Another man known as Hector died about a month later from his injuries.
Ms Croft said a man named Noel Hall lost the tips of his fingers in a hail of shrapnel.
For the past two decades Ms Croft has been pivotal to the annual commemoration of the bombing of Katherine, which today will see a single F-35A Lightning II aircraft from the Tindal RAAF base speed over the Katherine Museum at 850 kilometres per hour.
While the bombing event was devastating for the town and the families separated in the evacuation, Ms Croft said it "put Katherine on the map".
"It was like an injected force of infrastructure post war," she said.

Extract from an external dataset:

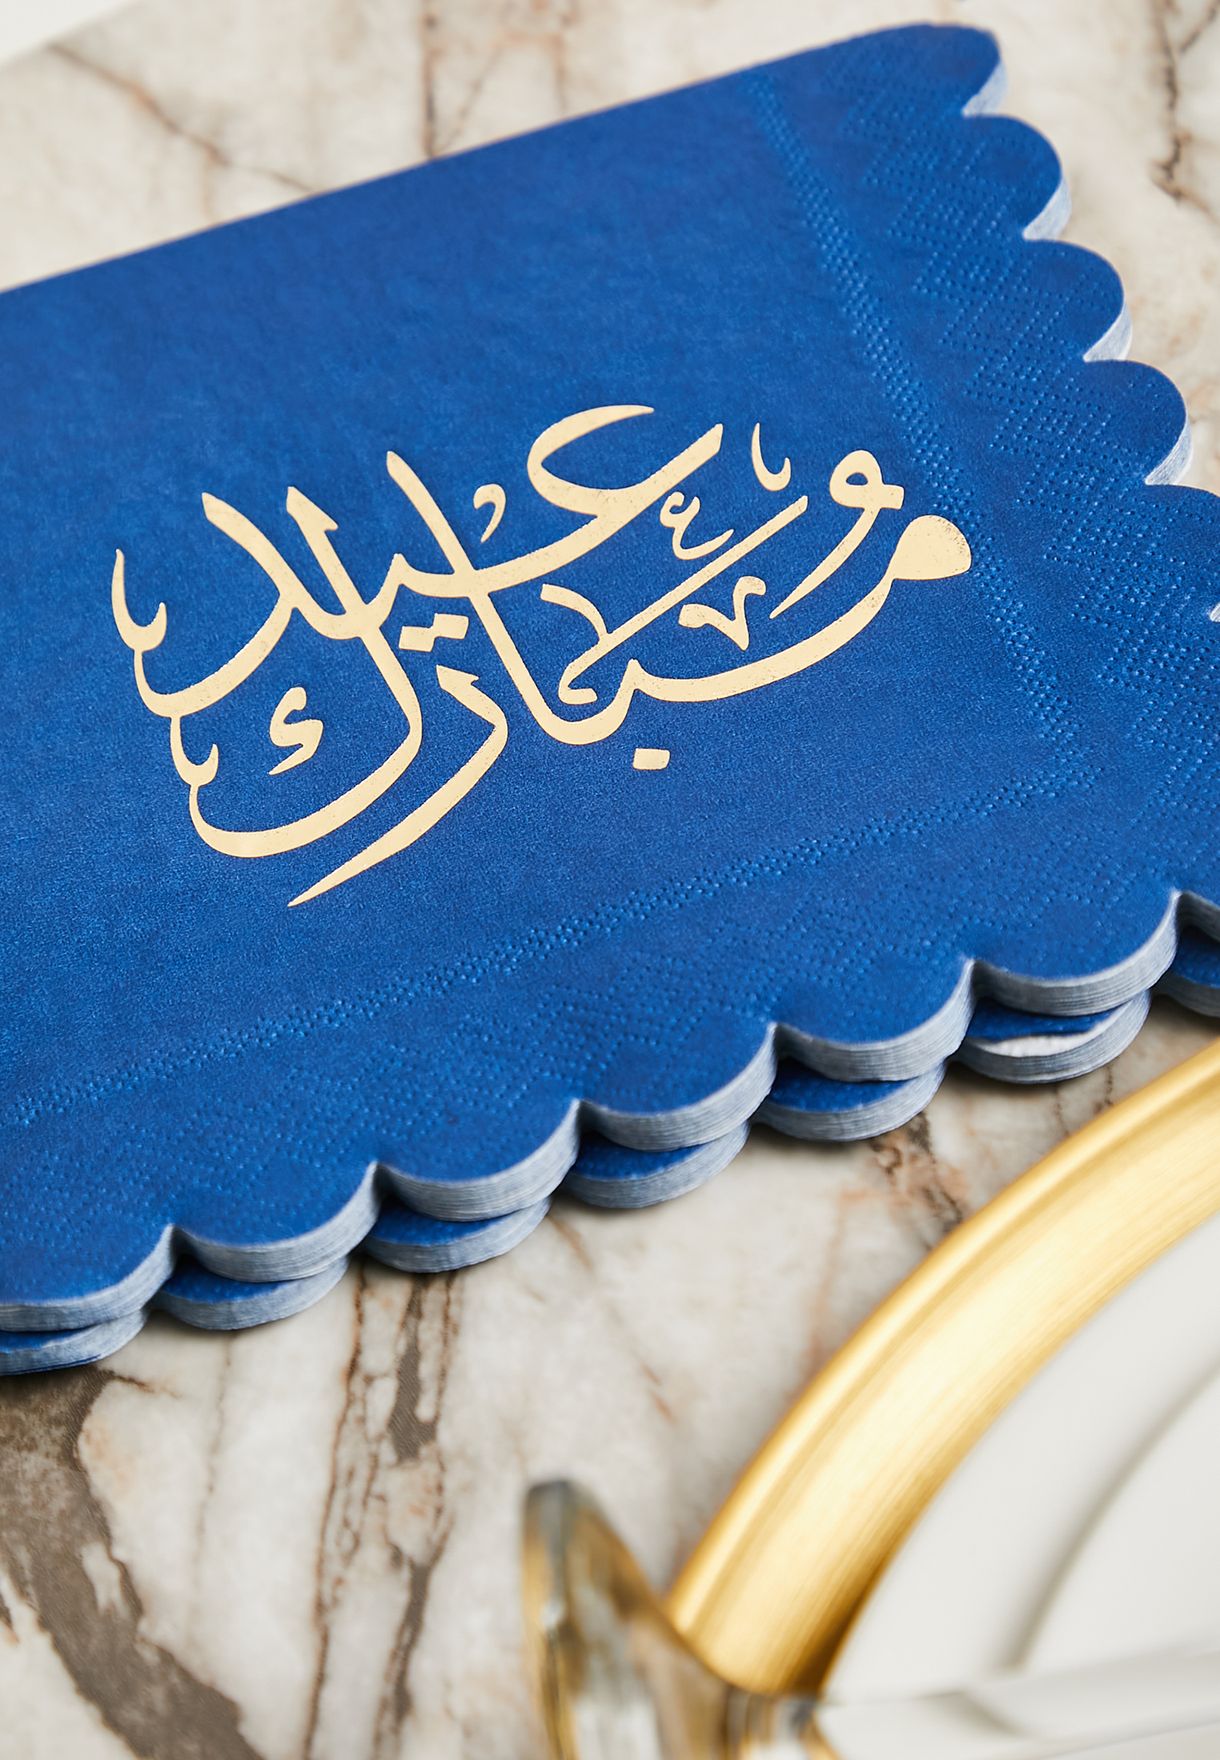 مجموعة 16 منديل مزينة بكتابة عيد مبارك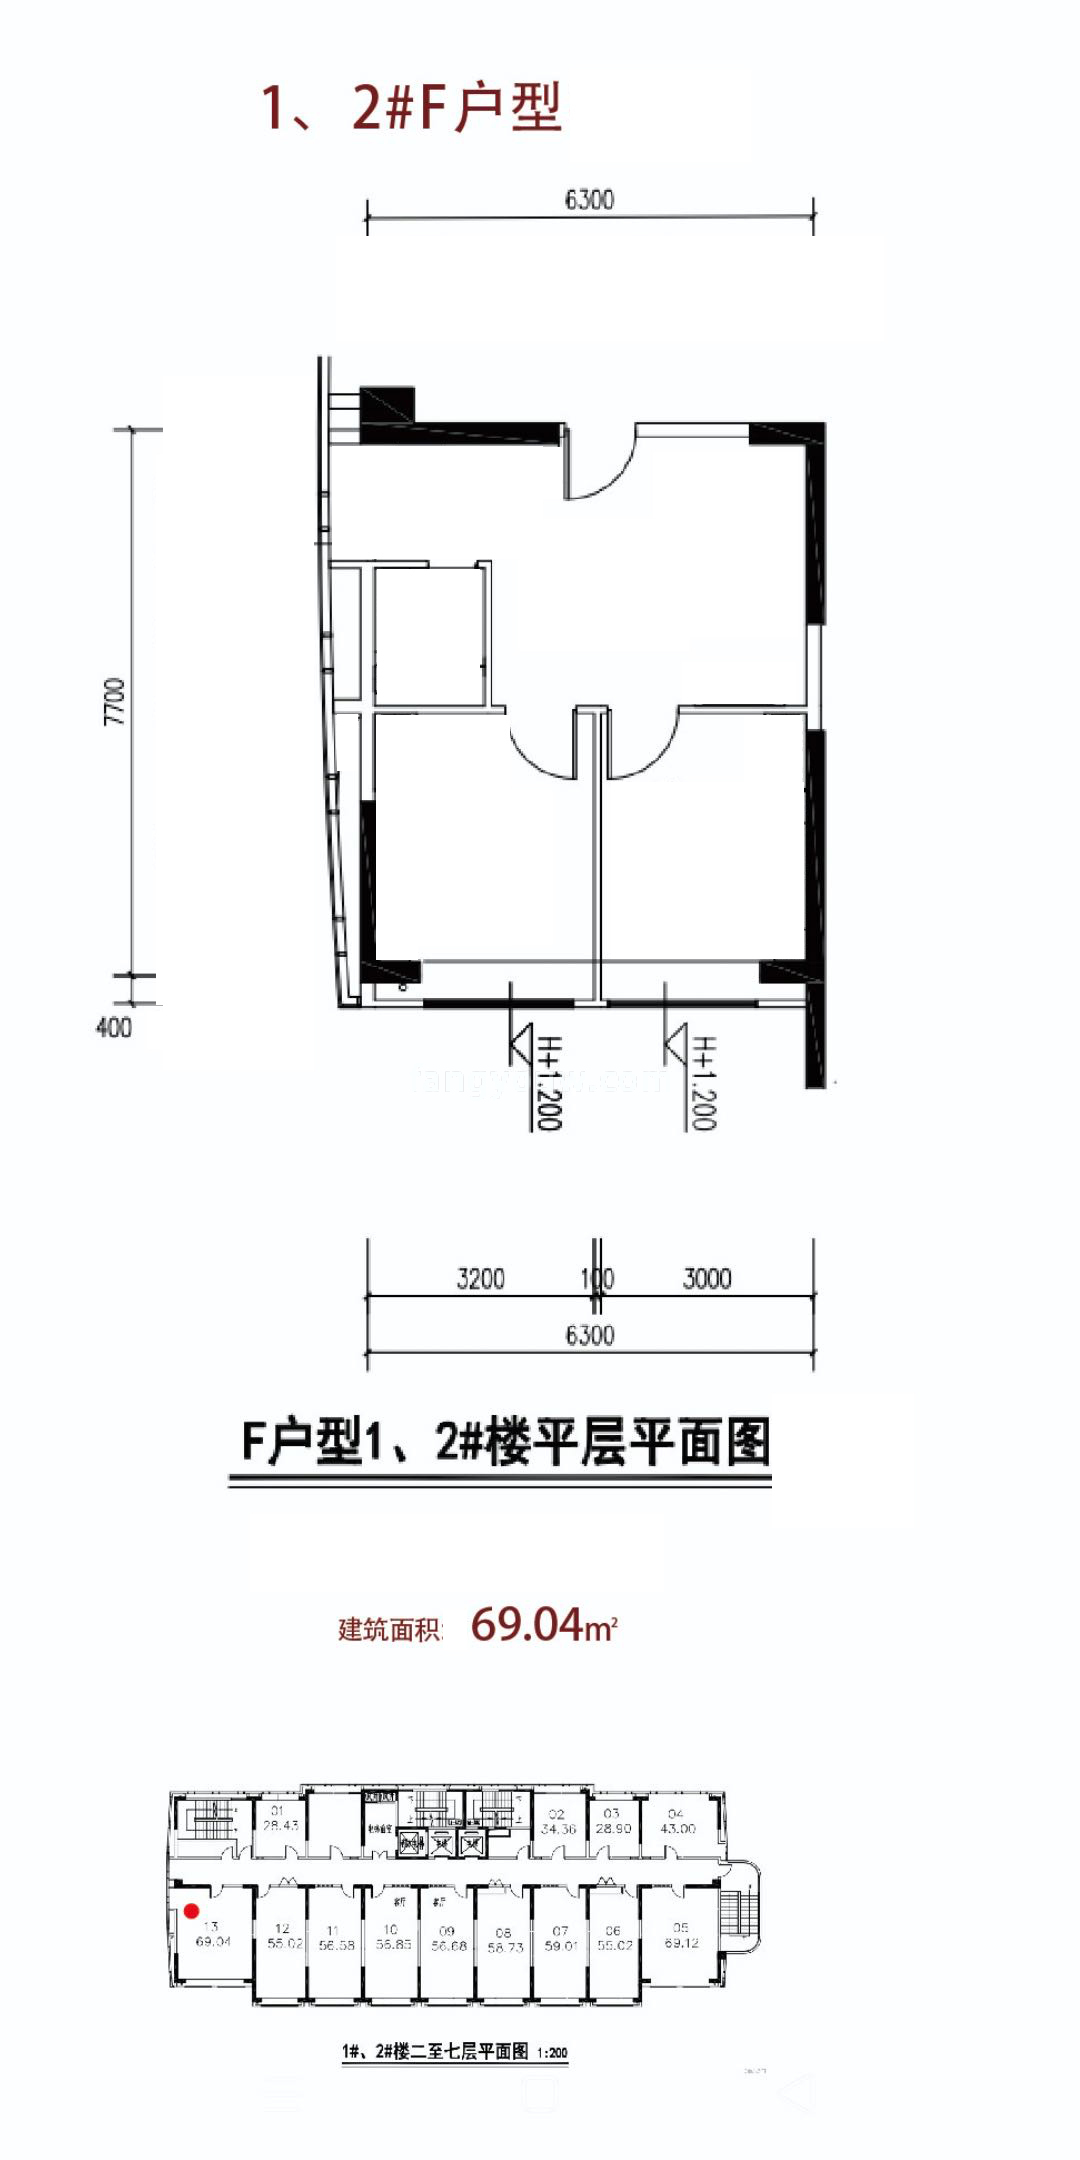 广电航天海晟 商业办公 1、2#F户型 建筑面积69.04㎡

"Locals came back and started building up the town again — instead of humpies, solid metal structures were built and it turned Katherine into a much larger town than if it had just been left alone."
Taken after the flight
Ms Heparia remembers hiding in the scrub with her family for what felt like hours until Katherine finally fell quiet again.
Days later women and children were evacuated by train south to Adelaide — but the tragedy was far from over for Ms Heparia and her siblings, who were forcibly separated from their mother due to an array of government policies.
It is a time Ms Heparia says is "painful" to look back on.
"My sister and I were taken by Home Affairs," she said.
"When we were down in the home a lot of us little girls went hungry … we were starving.